=== Begin Enclosure ===
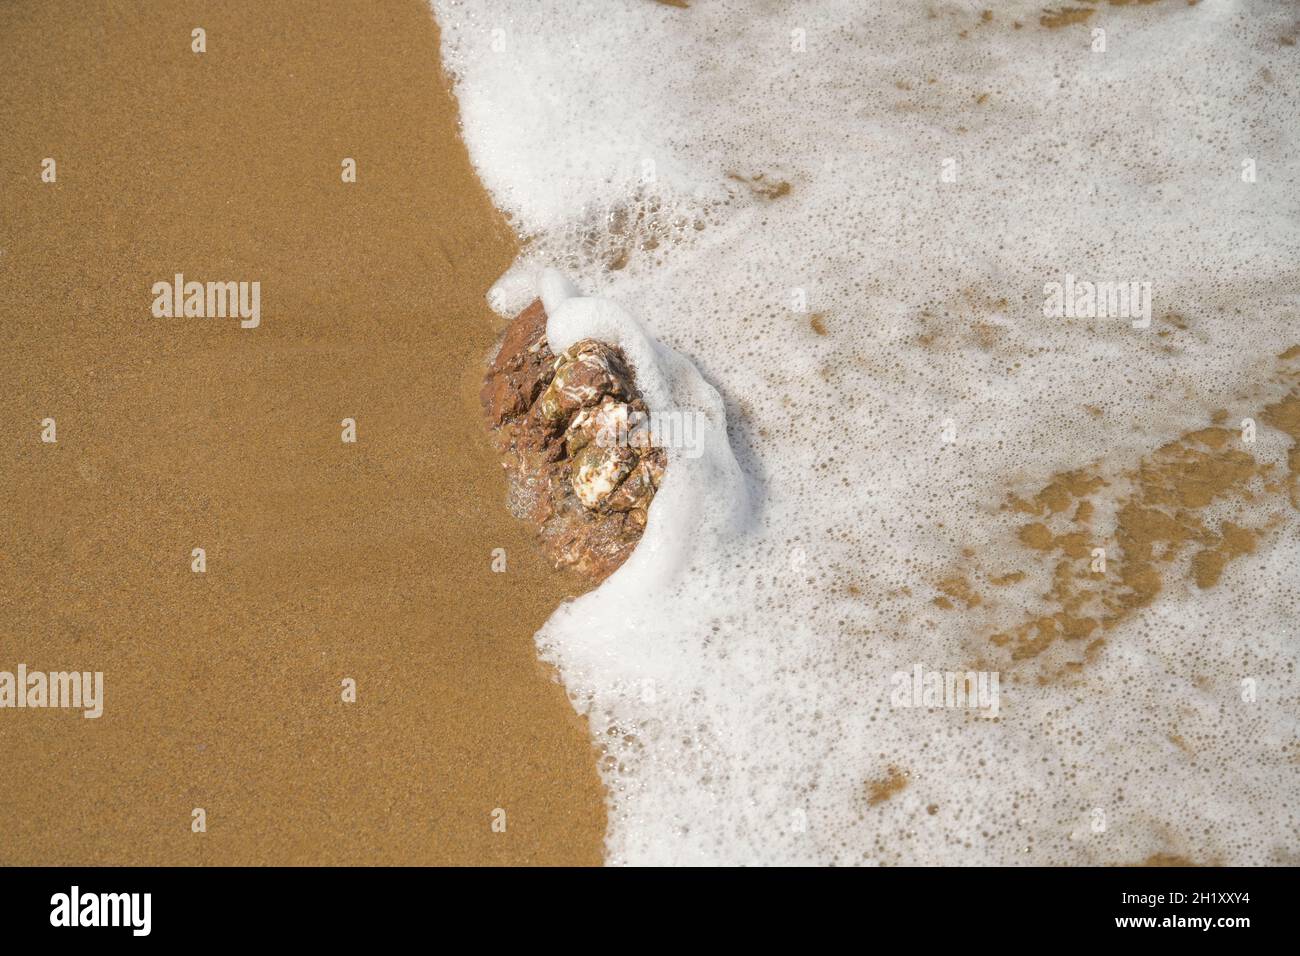 Sandstrand, Welle, Sand Wasser, Strand, Kissamos, Kreta, Griechenland Foto Stock
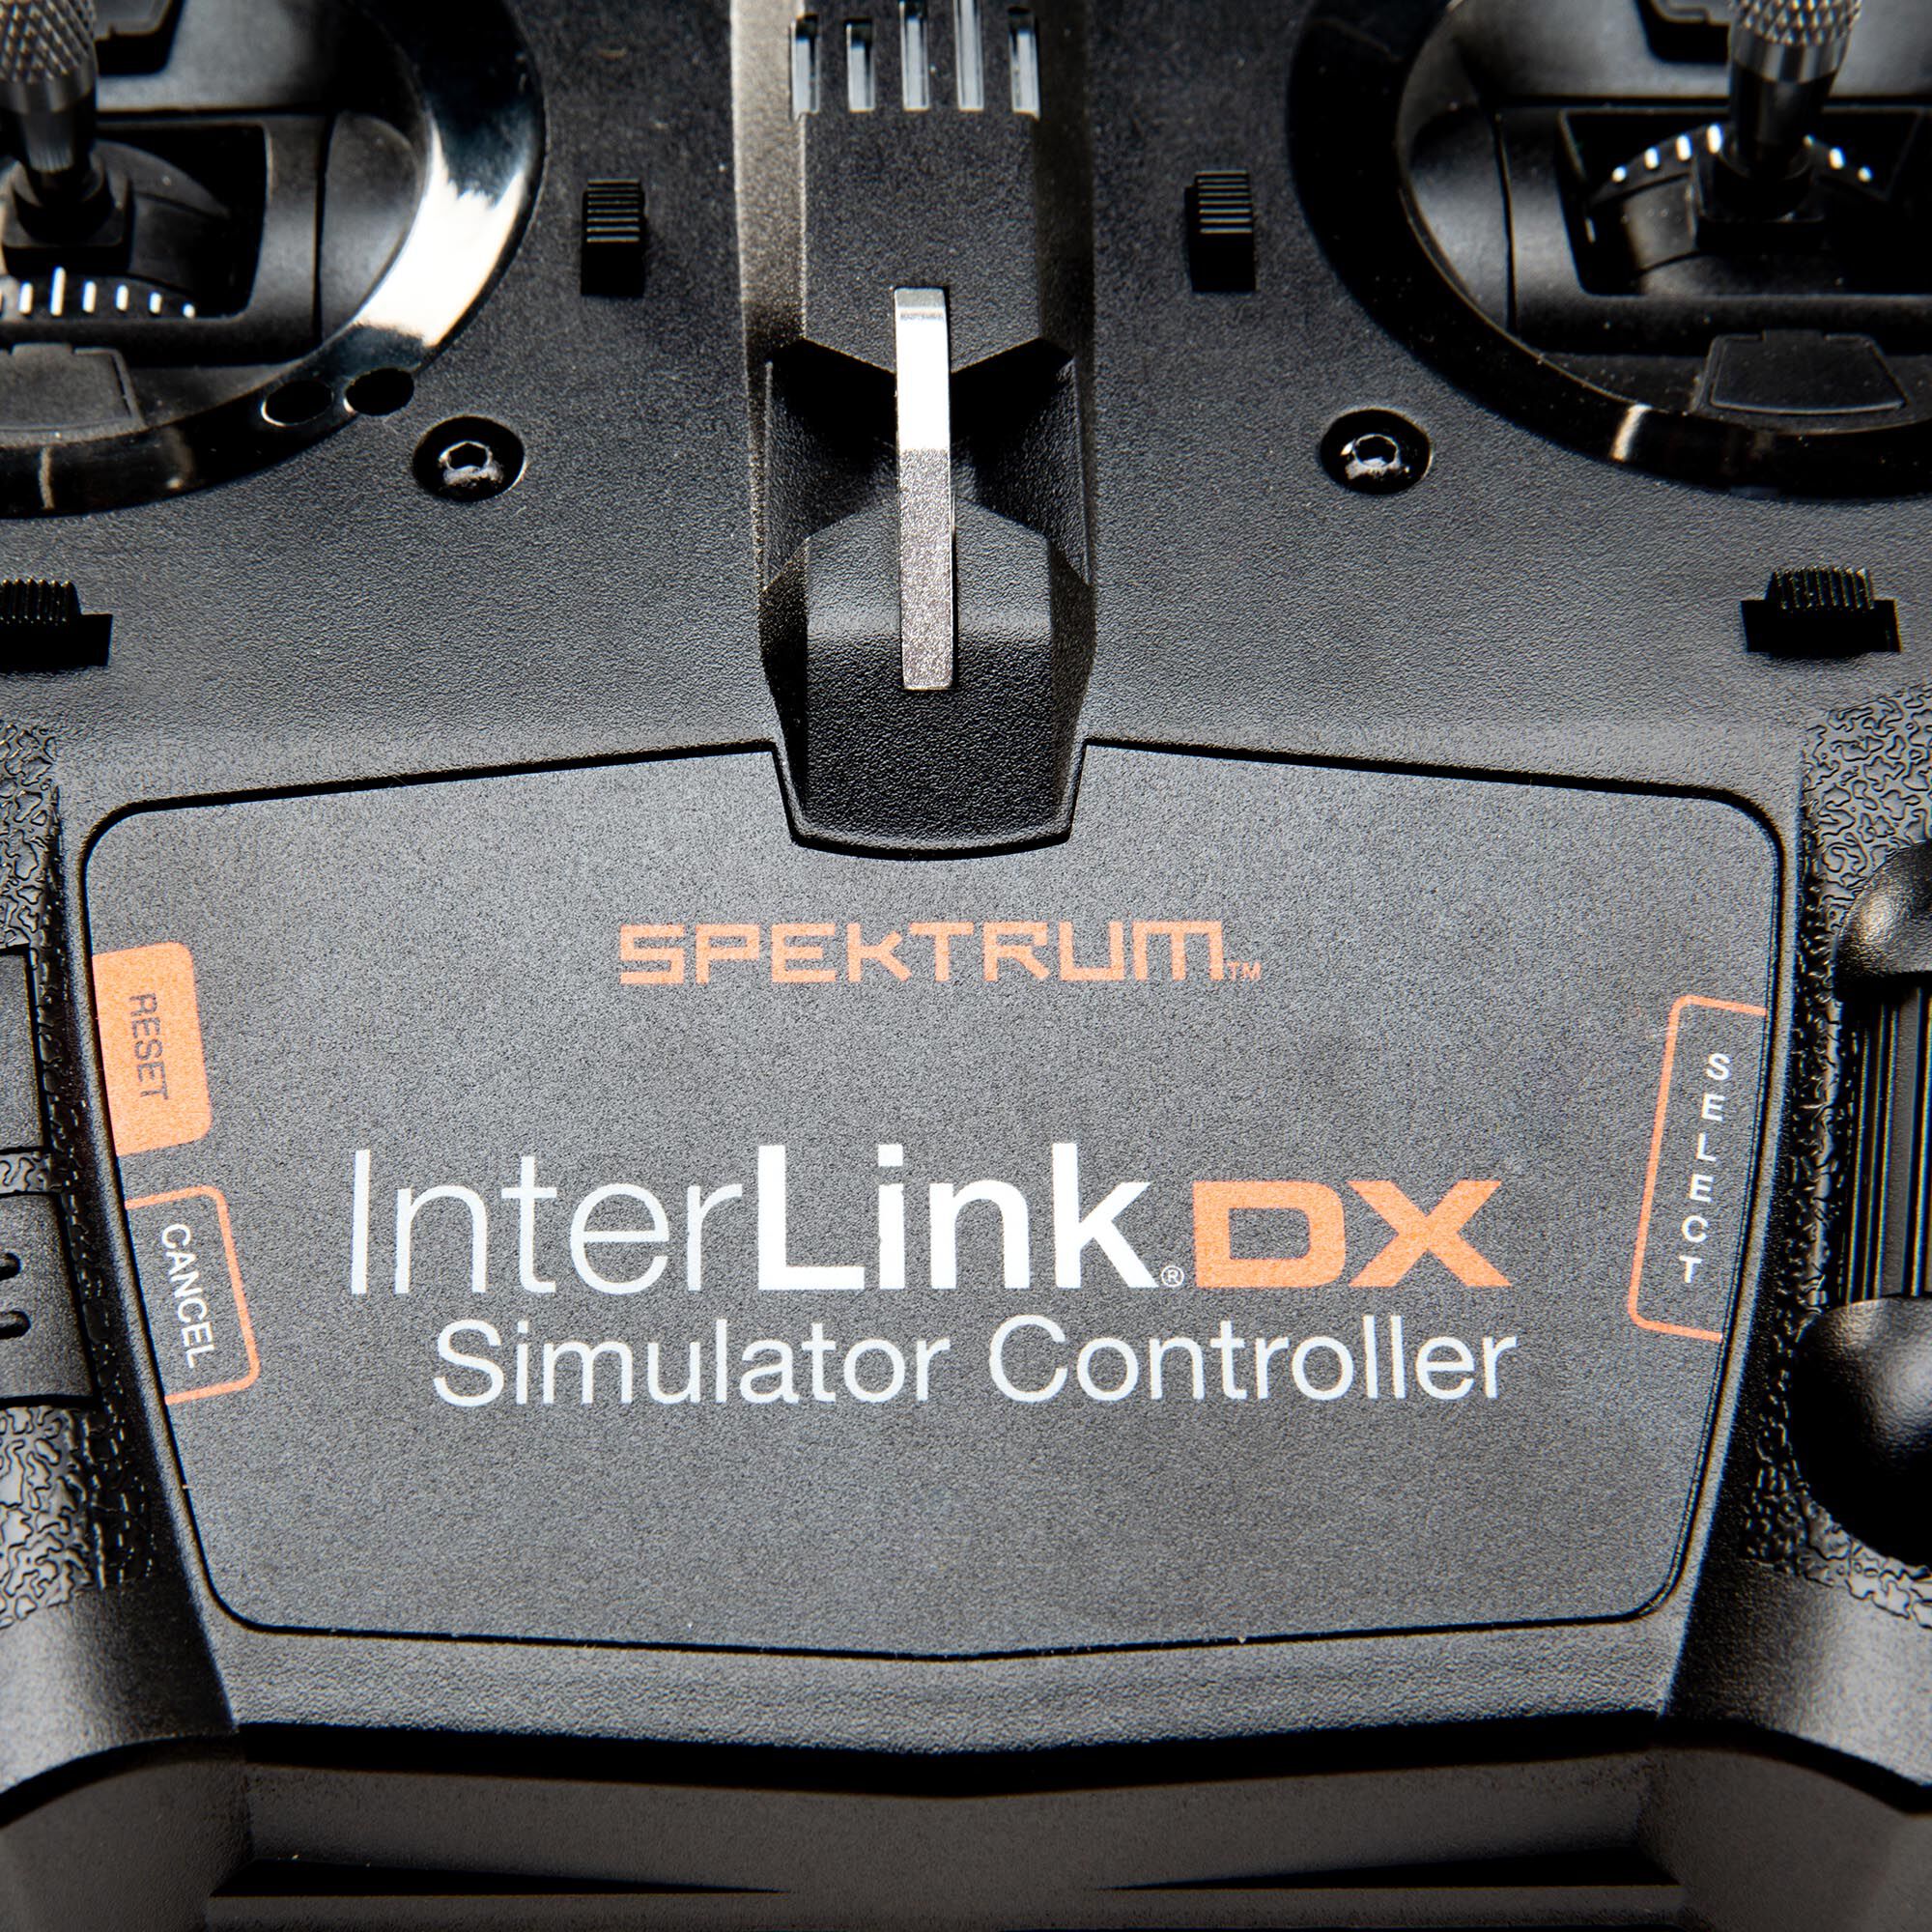 InterLink DX Simulator Controller with USB Plug | Spektrum
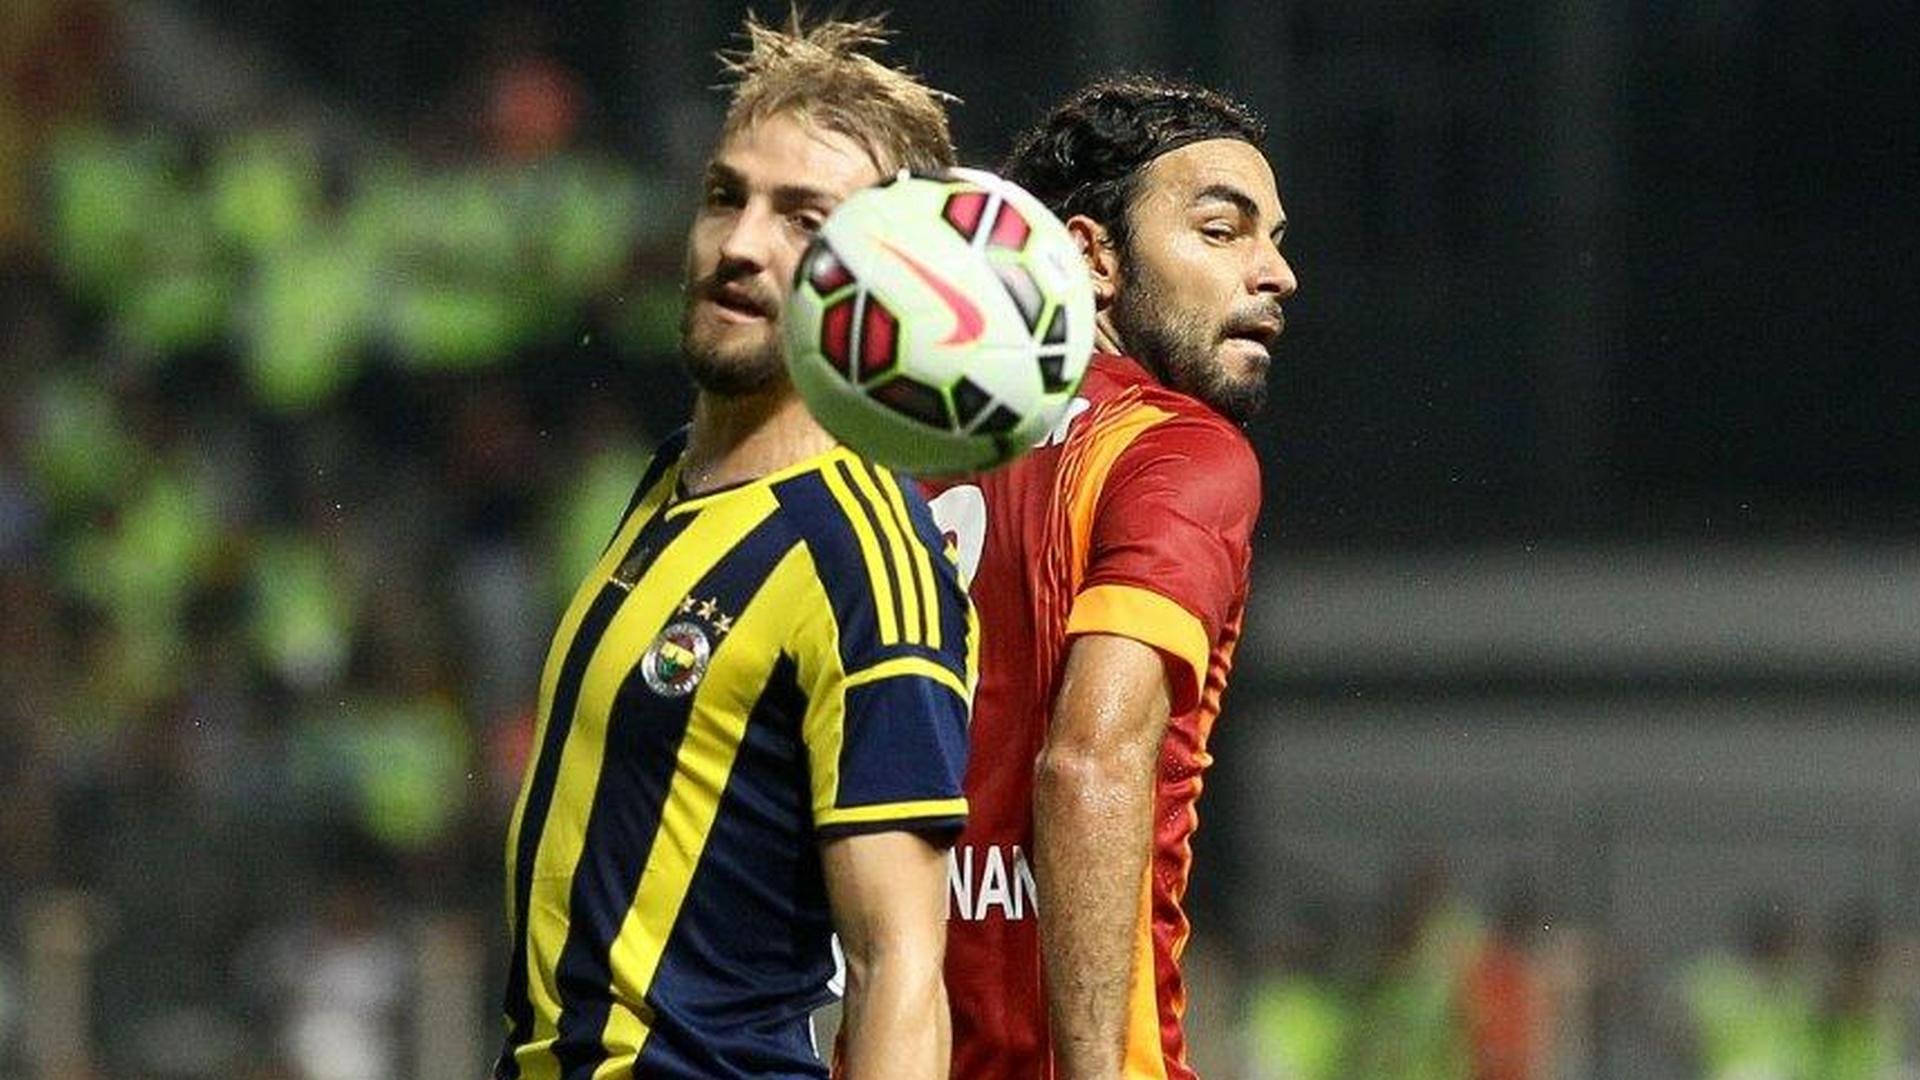 Önce Fenerbahçe sonra Galatasaray'da oynayan oyuncular
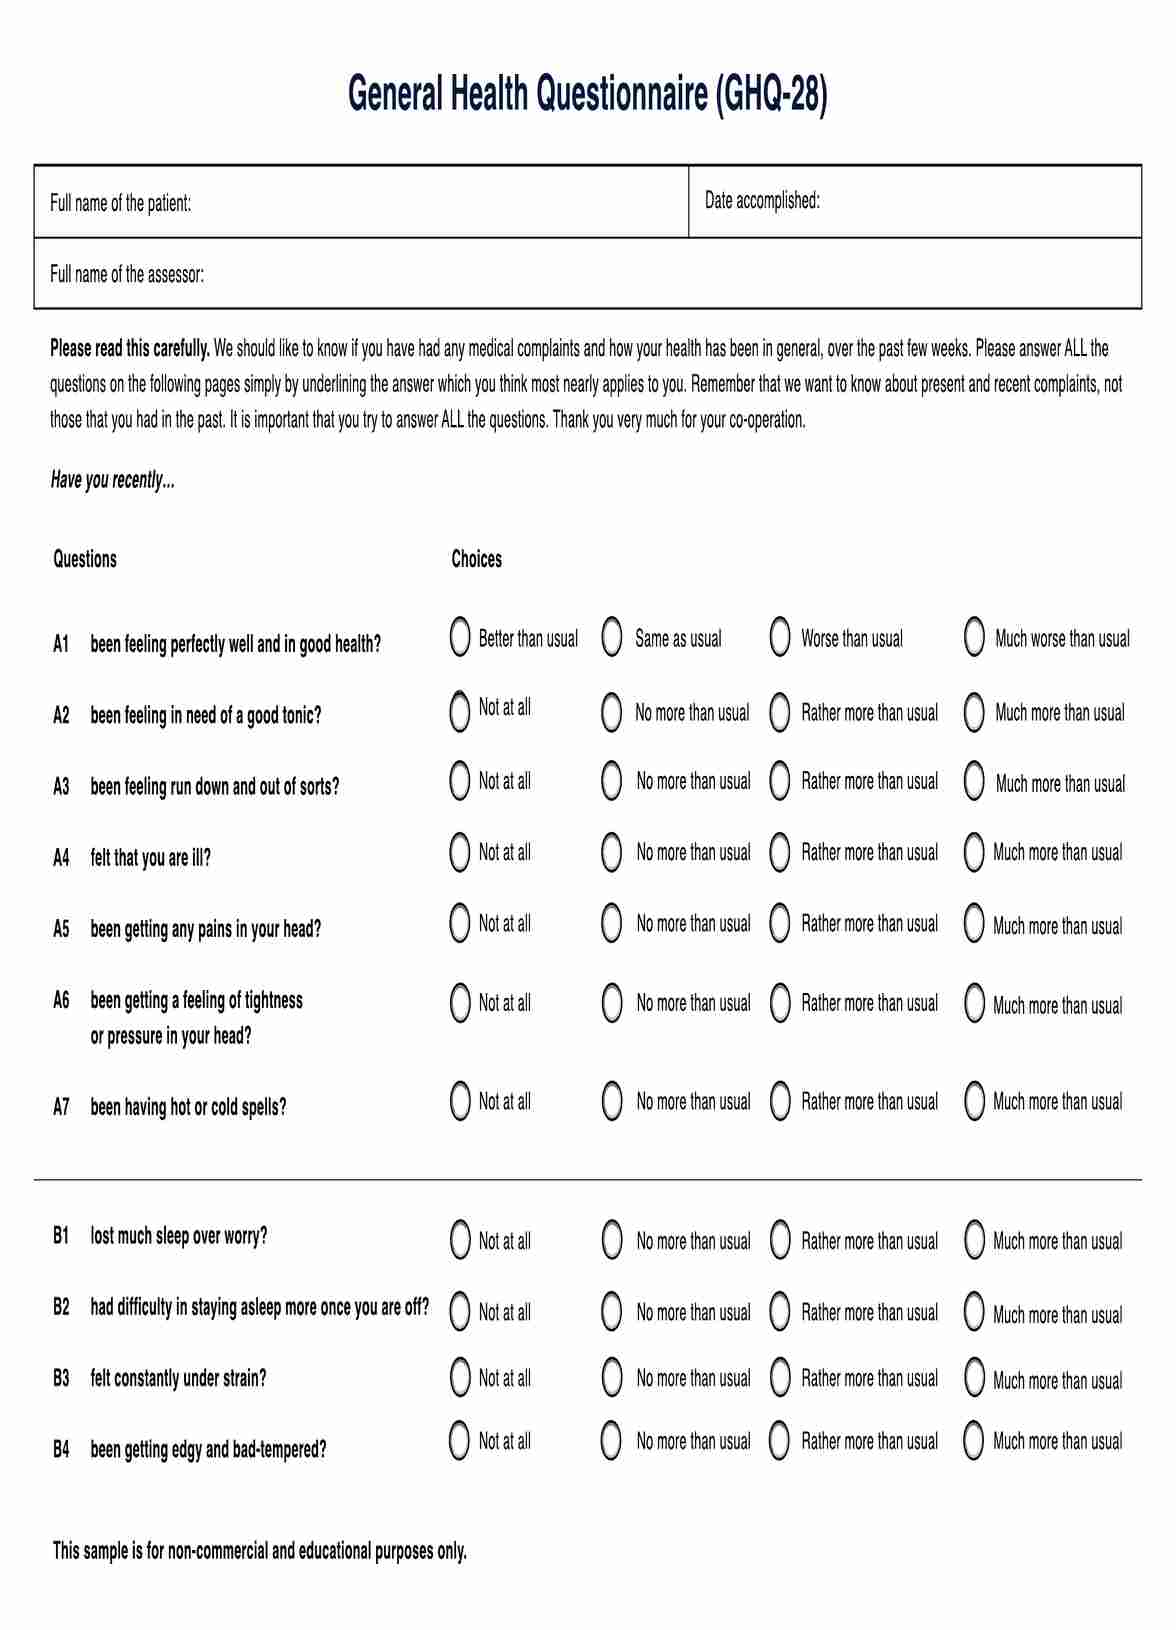 General Health Questionnaire (GHQ-28) PDF Example
=== End Enclosure ===
Skip the images and write out the rest of the listing exactly.

Answer for this exercise:
 Sandstrand, Welle, Sand Wasser, Strand, Kissamos, Kreta, Griechenland Foto Stock
 InterLink DX Simulator Controller with USB Plug | Spektrum
 Önce Fenerbahçe sonra Galatasaray'da oynayan oyuncular
 General Health Questionnaire (GHQ-28) PDF Example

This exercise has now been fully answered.